Task objective.
Every record below should be repeated exactly, with the pictures left out.

Excerpted records.
------------------------

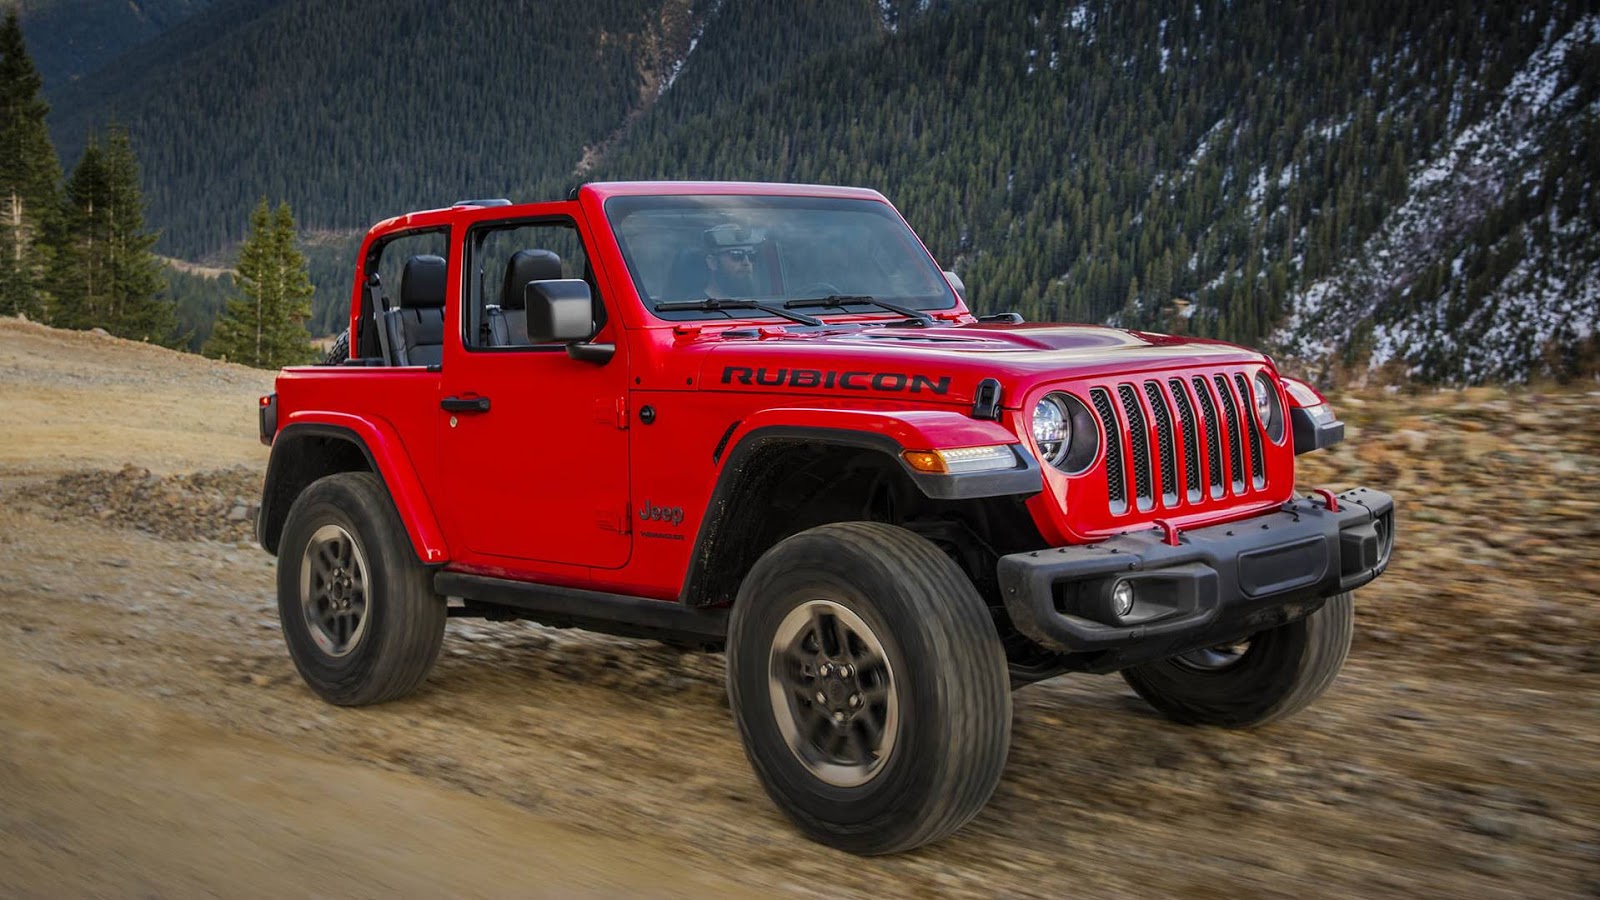 2018 Jeep Wrangler Sheds Weight, Adds Tech And 2.0L Turbo | Carscoops
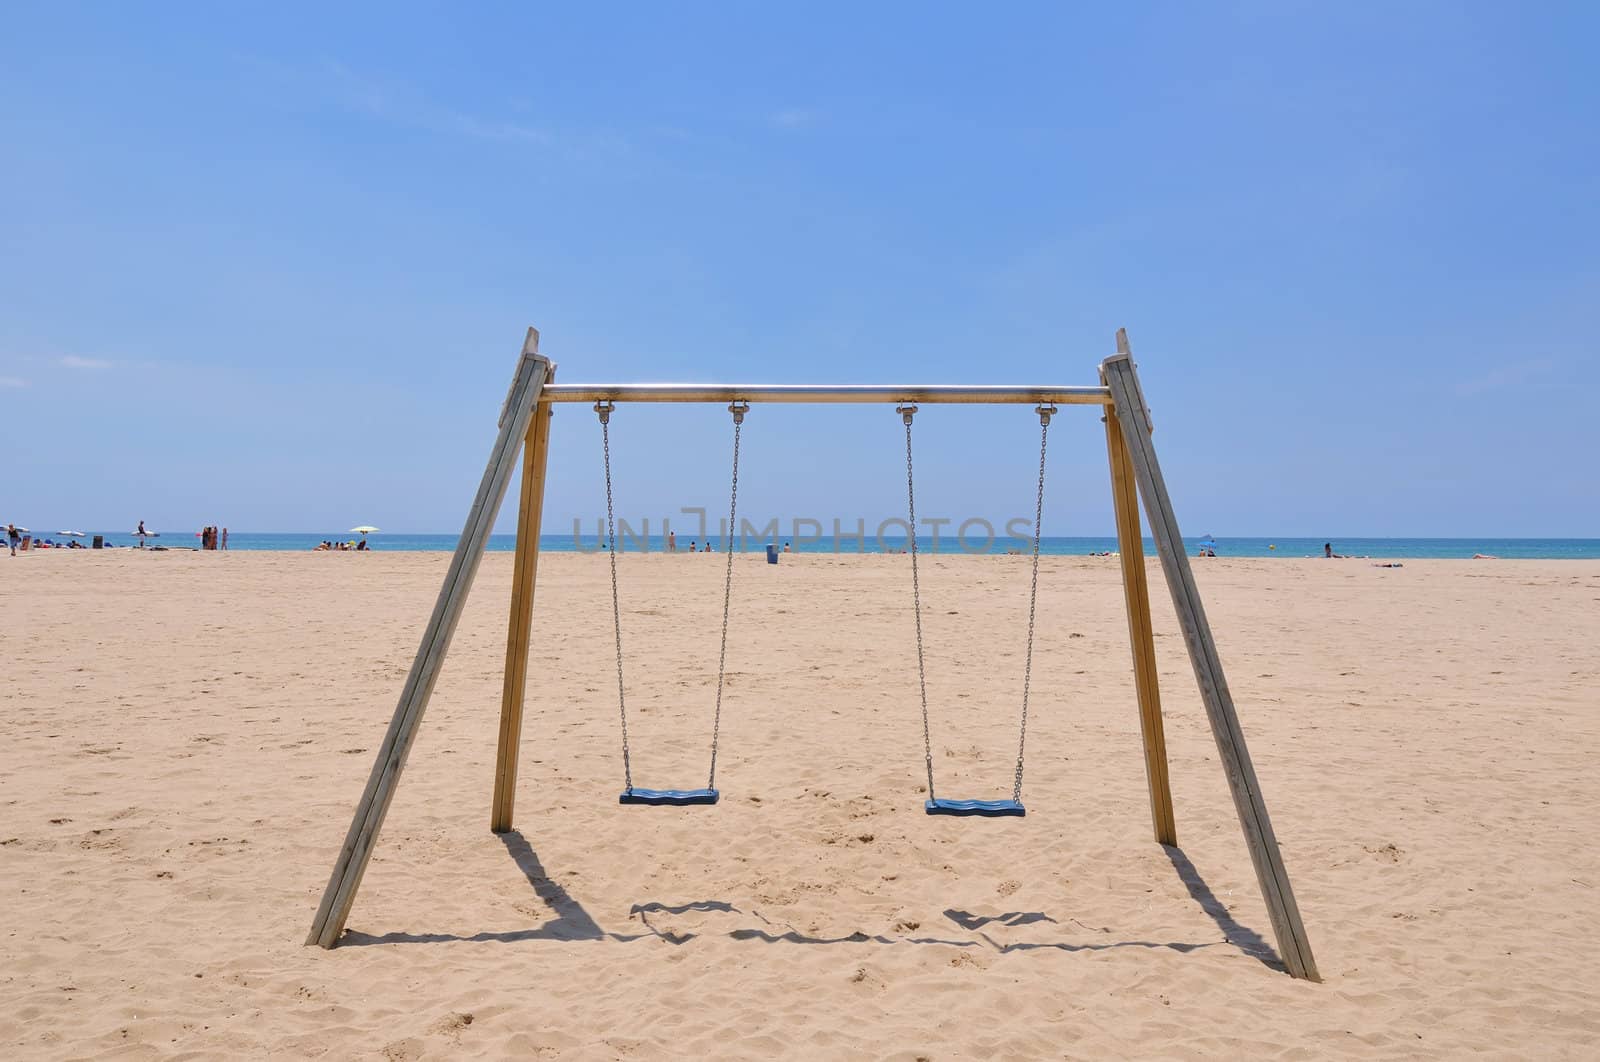 double beach swing over sand and blue sky background, Spain
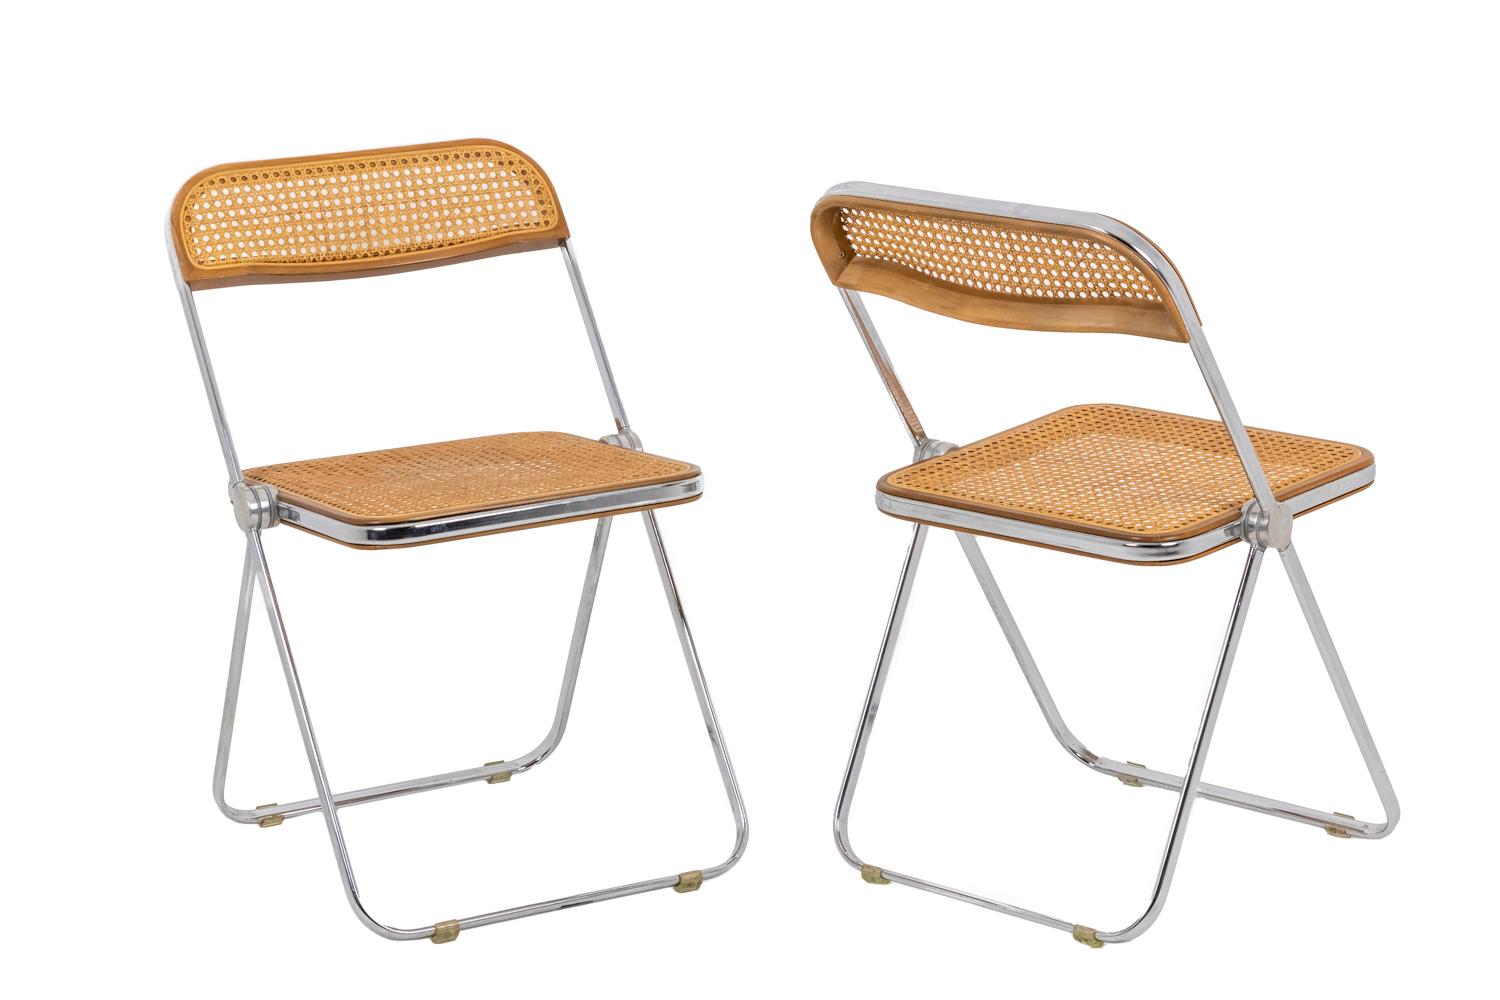 Series of five caned chairs in varnished blond beech. Folding structure in chromed metal. 

Plia model.

Italian work realized in the 1970s.

Giancarlo Piretti (1940-) is an Italian designer who marked the history of design by his innovative

------------------------

Exercise output.
 2018 Jeep Wrangler Sheds Weight, Adds Tech And 2.0L Turbo | Carscoops
 double beach swing over sand and blue sky background, Spain
 Series of five caned chairs in varnished blond beech. Folding structure in chromed metal. 

Plia model.

Italian work realized in the 1970s.

Giancarlo Piretti (1940-) is an Italian designer who marked the history of design by his innovative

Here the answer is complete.